Booking a Threat: Inside LummaStealer's Fake reCAPTCHA

The infection chain starts when a target victim visits a website such as this URL: hxxps://payment-confirmation.82736[.]store/pgg46, the initial attack vector was not successfully extracted during the analysis period therefore we speculated that the source was probably a phishing email. This link redirects to hxxps://booking[.]procedeed-verific[.]com/goo_pdf that contains a blurred document from booking.com. Looking at the link, it might not appear suspicious to an average user, especially with the 'https' in the URL, which could lead the victim to believe the site is safe to visit. Now what is interesting in this webpage is before being able to view the booking document, there is a captcha that requires the user to click the “I’m not a robot” checkbox. Normally this would only prompt some image verification techniques (e.g. “Select all the images with bicycles in them”) to prove that the website is being used by a human user and not by some automated mechanism.

In this case, there are different verification steps in this CAPTCHA procedure. The user is required to open their Run window and then paste a command that was copied into their clipboard. This is an example of ClickFix, an emerging unique social engineering technique that involves displaying fake error messages in dialogue boxes to deceive users into executing malicious commands on their own systems. This technique can be delivered through compromised and fake websites, documents or files posing as legitimate software.

During our investigation, the fake booking webpage displayed two different PDFs that show booking confirmation details that are modeled after the platforms of booking.com and hrs.com

Viewing the page source of this webpage shows that there is a JS script that loads a command from a PHP script from another URL.

The URL that contains an obfuscated PHP script that is encrypted with ROT13 encryption.
After decryption, we can now see that it shows the JS script that copies a Base64 command into the victim’s clipboard. It implemented the deprecated document.execCommand(“Copy”) which might be a part of a new phishing kit for information stealers.

Deobfuscating the Base64 code in the unsecuredCopyToClipboard function will present a command that is to be pasted in the Windows Run service as suggested by the ClickFix instructions to the user. This is a command that will execute a PowerShell script that is encoded in Base64. The deobfuscated PowerShell command shows that it will invoke a web request from the URL hxxps://booking[.]procedeed-verific[.]com/in[.]php?action=1. This webpage stores another PowerShell script that will download a file from hxxps://booking[.]procedeed-verific[.]com/in[.]php?action=2 in the Temp directory and execute it using the “Start-Process” command.

We’ve continuously monitored the download link for possible changes and noticed that the LummaStealer payload file changes over time. What’s common for all the samples we have collected is that they are significantly larger than other versions by up to 350% (from 3MB to 9MB) indicating that there’s a possibility of more complex payloads having more capability, evasion and encryption techniques.  In this case, the samples collected used Binary Padding, a technique where malware authors add junk data to the end, start or in between data sections of the malicious file.
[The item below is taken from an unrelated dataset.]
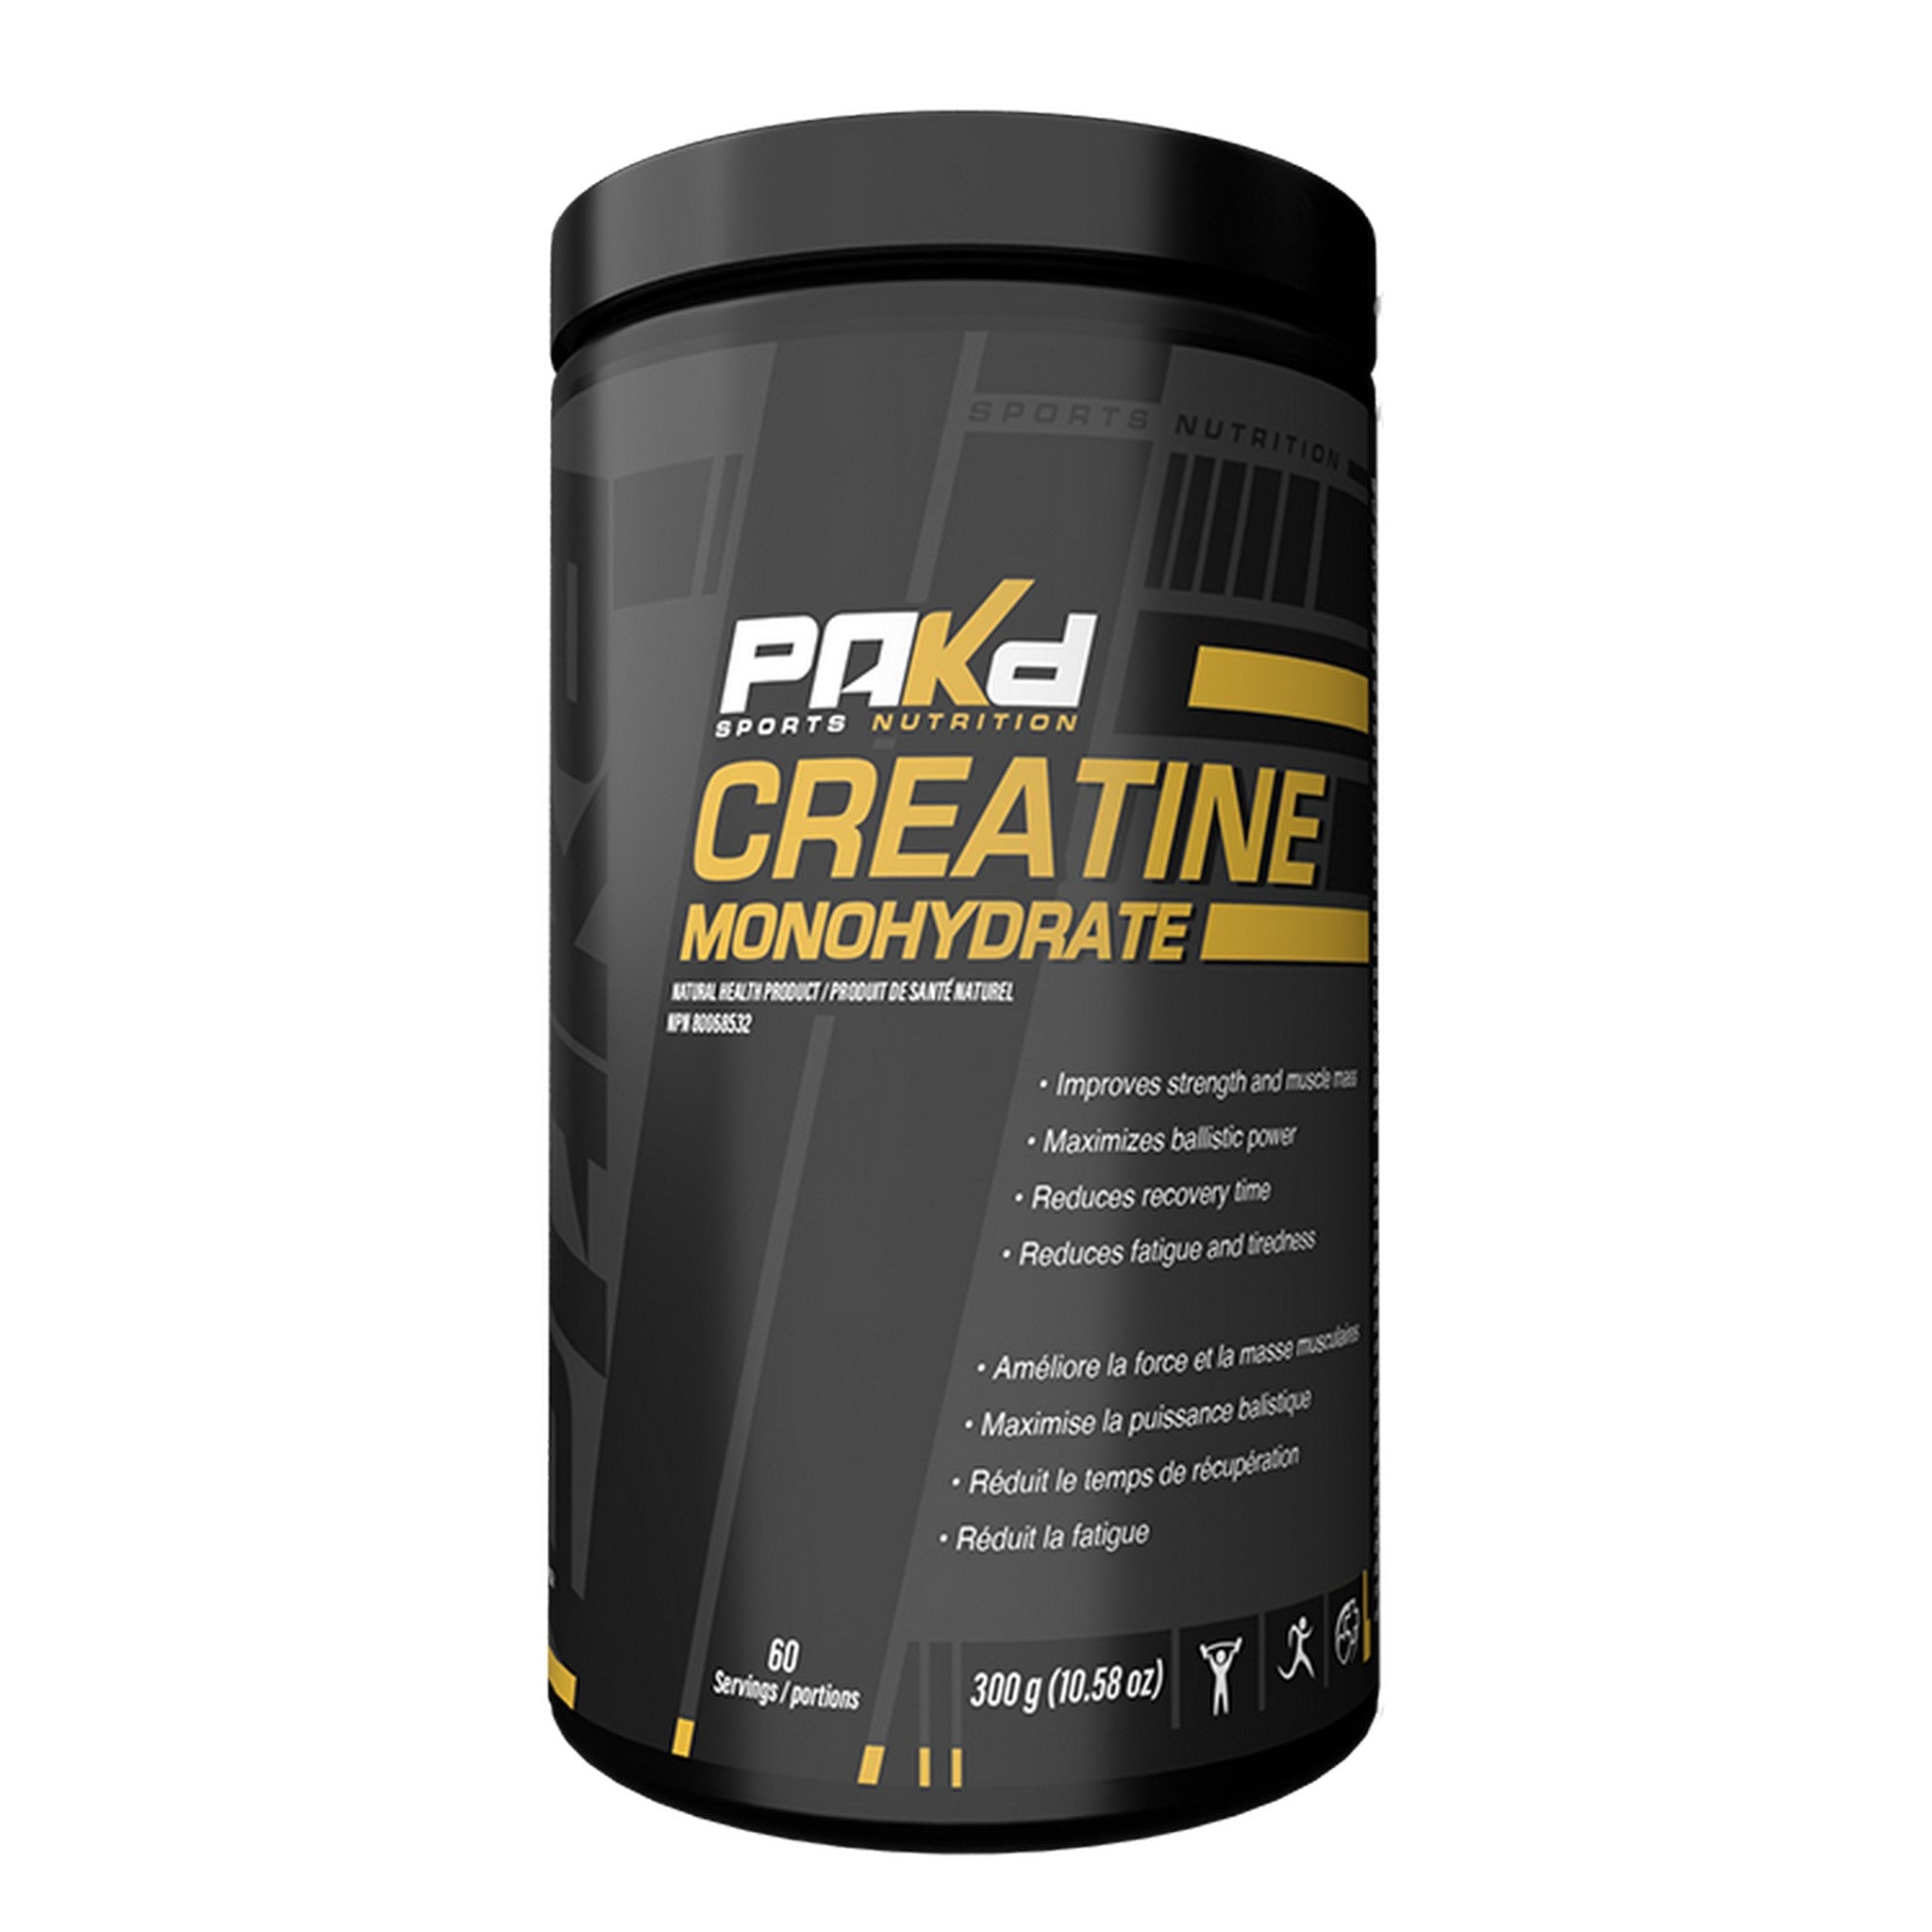 PAKD 300g Creatine Monohydrate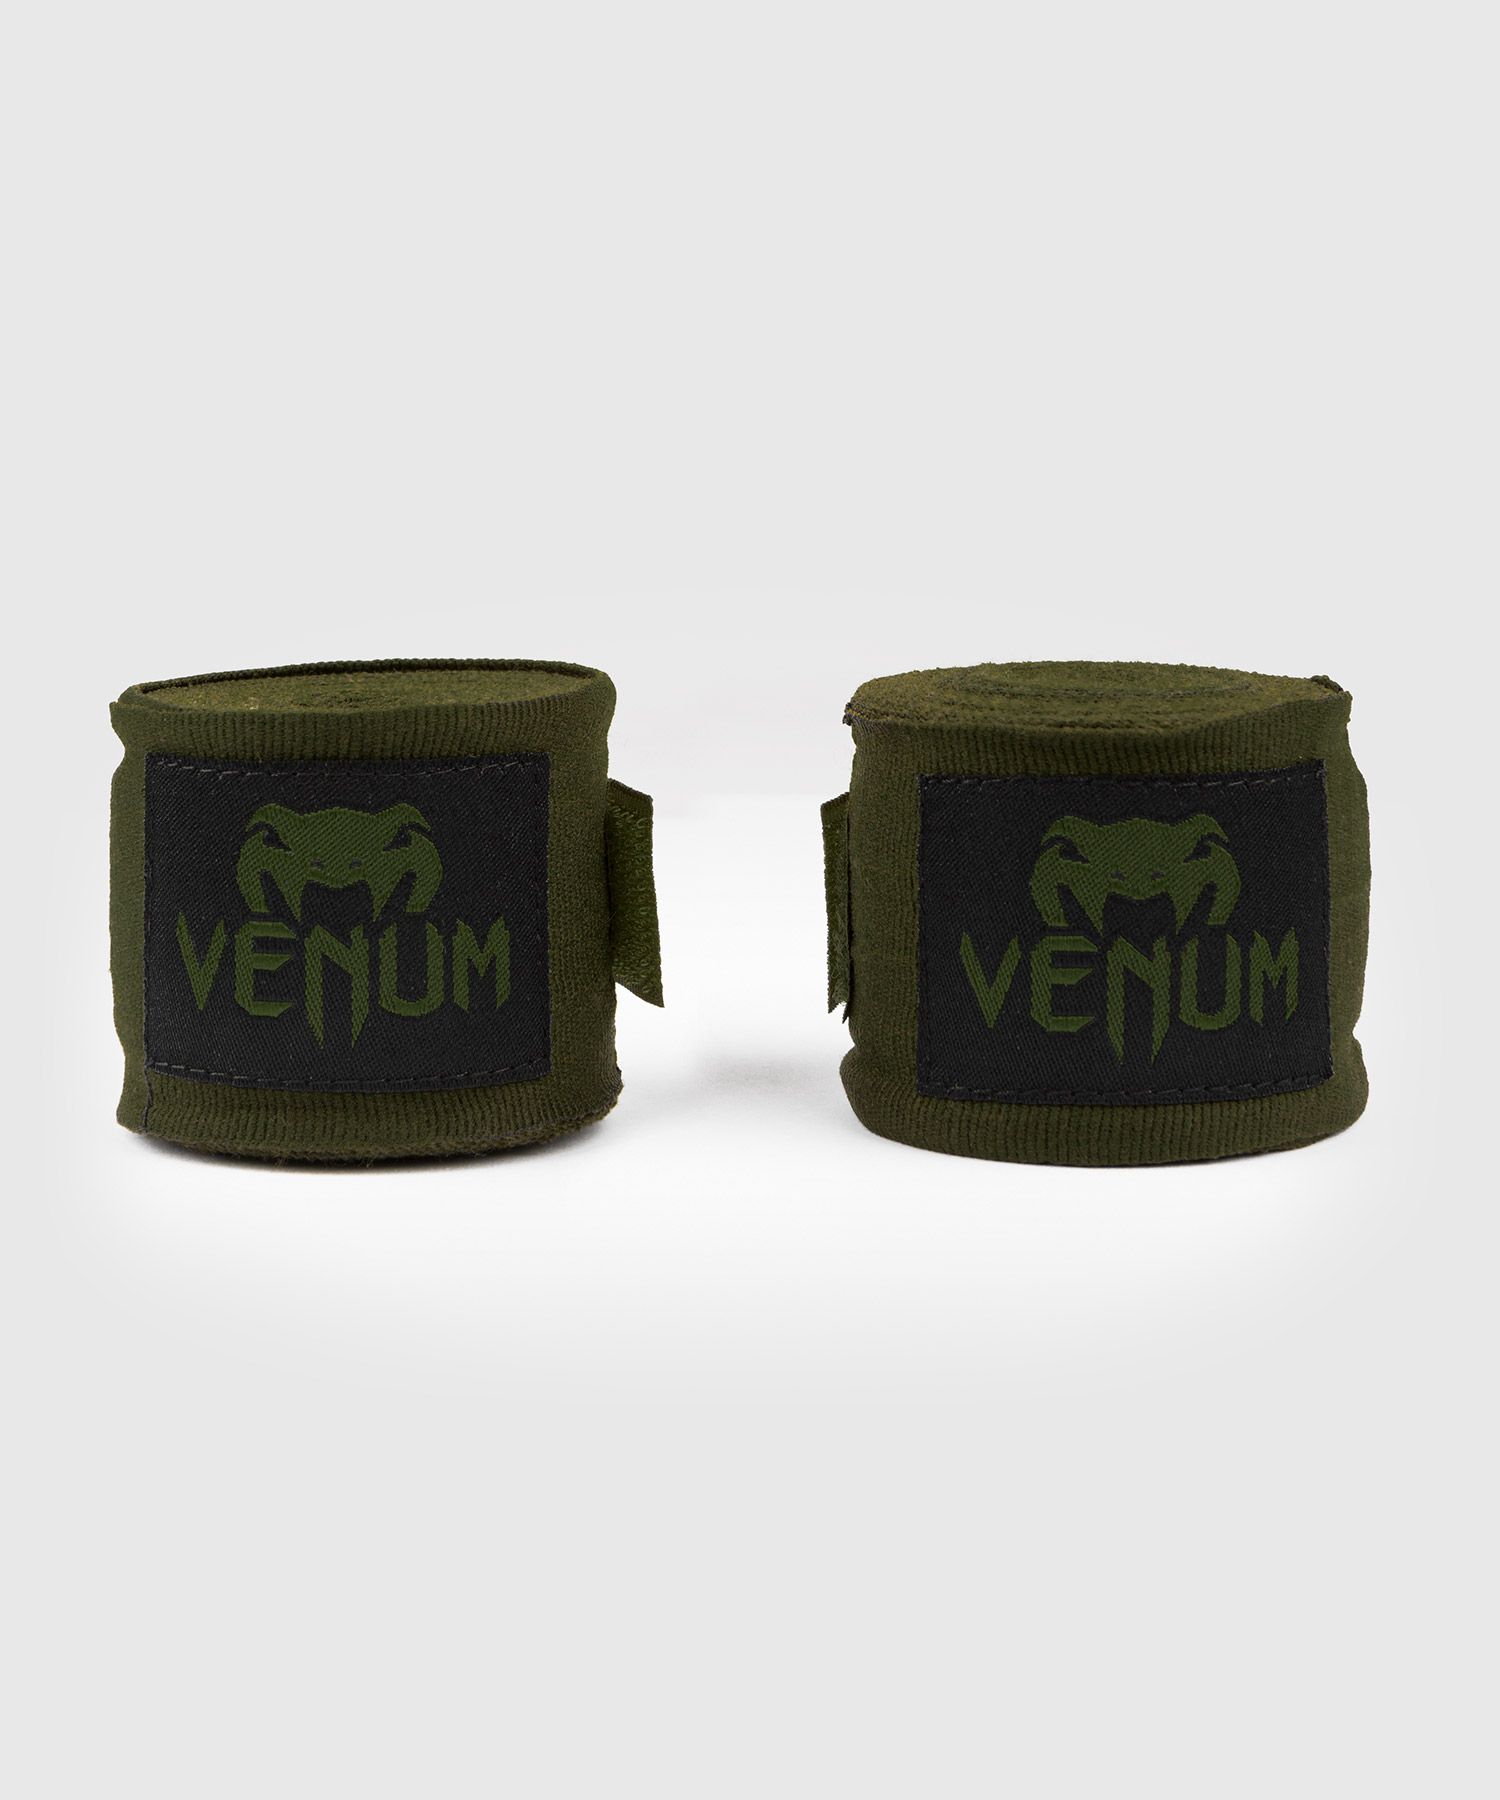 Venum Kontact Boxing Handwraps - 4.5m - Khaki/Black

This will cause an analysis to take longer, or trigger file size limitations on security tools – in order to minimize impact on the users, files are only checked up to a certain size by any browser / web protection mechanism. Larger files therefore result in longer response times for signature-based antivirus detections.

Upon reverse engineering all the samples we’ve collected, these samples keep using the same method of obfuscation as other LummaStealer samples found in the wild. This method is calledIndirect Control Flow which is an obfuscation technique where malware avoids direct jumps or calls by dynamically calculating target addresses at runtime, making analysis harder. The way it does this is by using Dispatcher Blocks which are specialized code regions that control execution by selecting the next instruction or function dynamically.

Here is a snippet of a Dispatcher Blocks found inside the sample (SHA256: 7b3bd767ff532b3593e28085940646f145b9f32f2ae97dfa7cdd652a6494257d )

We tried hunting for other websites which have the same approach in delivering LummaStealer. We started our search with the redirect URL (hxxps://payment-confirmation.82736[.]store/pgg46) to see if it has records of redirection to other URLs with the same behavior. While we didn’t find any other active URLs, what we found out is that its host server also hosts several websites which have at least one phishing detection from other vendors. Below is an example of a phishing website that is hosted on the same server that poses as booking.com and steals PayPal credentials.

There are multiple subdomains sourced from VirusTotal that can be correlated to our original fake booking link. These related links show that there are multiple subdomains that replicate the same behavior and contain the same ClickFix technique.